Más allá de la evidente escasez de empleo que ha golpeado al mundo, mientras se sigue sobre poblando el planeta y nos aferramos a un sistema capitalista que no sirve para la existencia futura de la humanidad, los espacios que habitamos están plagados de gente sobrecargada de trabajo en máquilas, oficinas, salones, laboratorios, tiendas y fábricas. Muchos ganan solamente el salario mínimo (y con suerte), haciendo el trabajo máximo. ¿Cómo podemos respetar a un país que paga centavos por trabajos que provocan dolores de espalda, manos encallecidas, mentes insufribles y pies hinchados? Parece inhumano permitirlo, y sin embargo no es nada fuera de lo común en este país.
Estar sobrecargado de trabajo, mal pagado, sobreestimulado y excesivamente cansado son los elementos básicos de la existencia humana en este momento. Incluso las cosas destinadas a mantener a la gente feliz reflejan los fugaces momentos de emoción que el materialismo y el consumo les permiten. El dinero se ha convertido, sin duda, en la herramienta más poderosa del mundo para adquirir lo que se considera <felicidad>, aunque si miráramos en profundidad, ninguna compra podría llenar el hueco que se reserva para la autenticidad pura de cada persona.
Sin embargo, el dinero es un tema difícil de abarcar cuando se ve desde la perspectiva realista: realmente, sí puede contribuir a la felicidad de las personas.
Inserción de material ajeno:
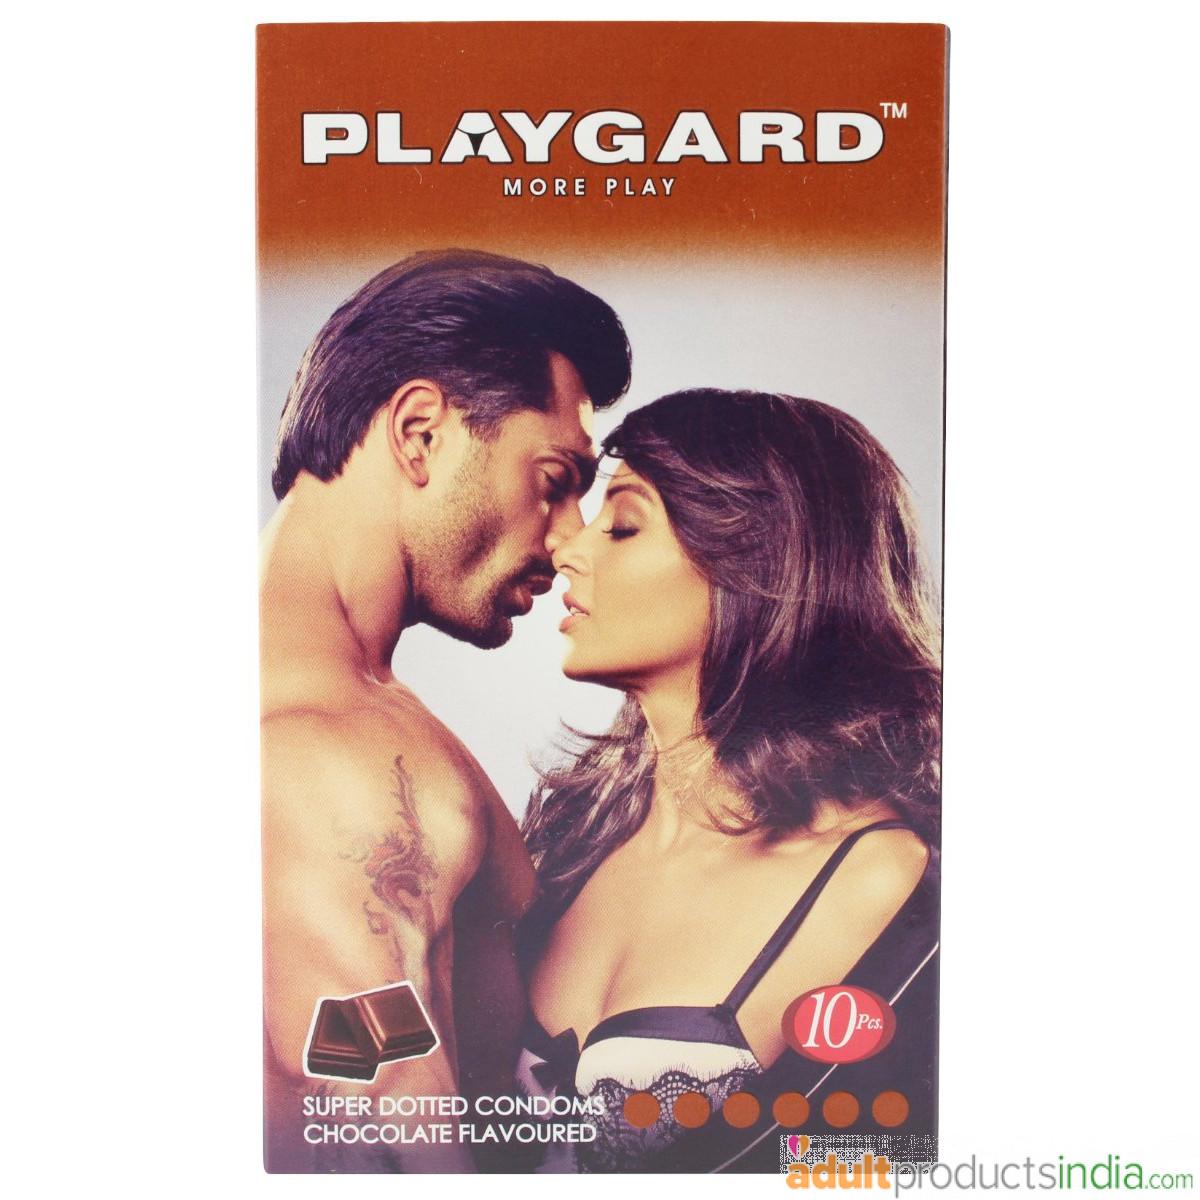 Playgard Chocolate 10 pack
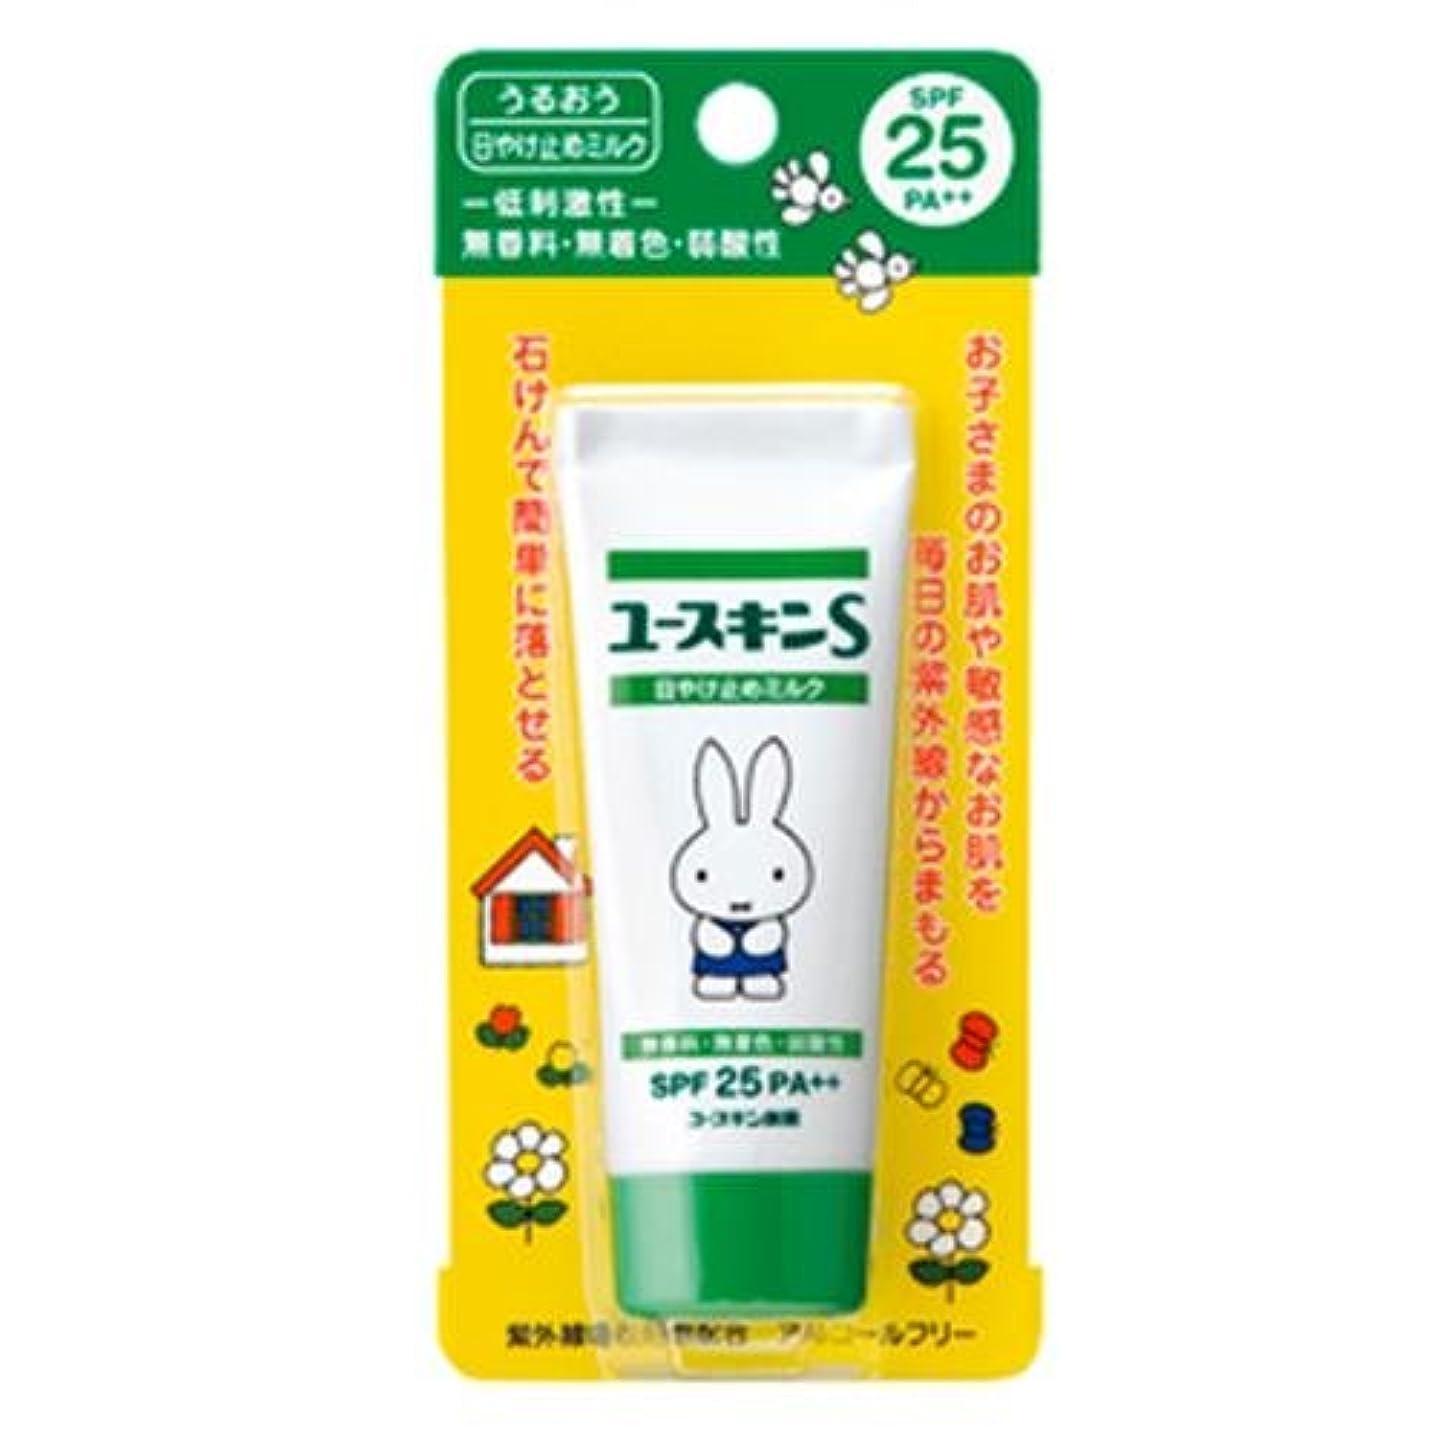 シーン赤字スリットユースキンS UVミルク SPF25 PA++ 40g (敏感肌用 日焼け止め)

Comprarse un Ferrari no resolverá un hoyo existencial, pero poder pagar la renta, la luz, el internet, comida para el mes, un poco para ahorrar y lo suficiente para divertirse seguro que sí aporta un sentimiento de seguridad y paz que ninguna compra puede reemplazar. El dinero no es felicidad, pero es imposible alcanzar la paz sin ella (desafortunadamente).
Aunque la felicidad es una estrella fugaz que se va tan rápido como llega, imposible de atrapar y conservar durante mucho tiempo, la sociedad debe esforzarse por crear un país en el que estar contento, seguro y a salvo es la norma. Para que el capitalismo sobreviva, debe establecer la empatía como su motivador. Tiene que apartar el foco de atención del consumidor y dirigirlo hacia sus trabajadores, viendo a todos como seres humanos con necesidades, turbulencias, cambios y sueños incumplidos. Debe entonces darles las herramientas para que puedan hacer frente a las necesidades, tener tiempo para las turbulencias, adaptarse a los cambios y perseguir los sueños que van más allá de su trabajo diario.
En el mundo ideal, todos deberían tener tres cosas: tiempo, dinero y salud. Tiempo para jugar, descubrir, experimentar y reflexionar. Dinero para sobrevivir, comer, invertir y dormir. Salud para respirar, mirar y recordar que estamos vivos. Que todas las personas del mundo puedan acceder de alguna manera a estos tres derechos humanos parece una imposibilidad en un futuro próximo, debido a nuestra forma de consumo y a la destrucción activa del planeta, pero nunca está de más mantener la esperanza y planificar un futuro que sí ponga la empatía humana por encima de todo lo demás.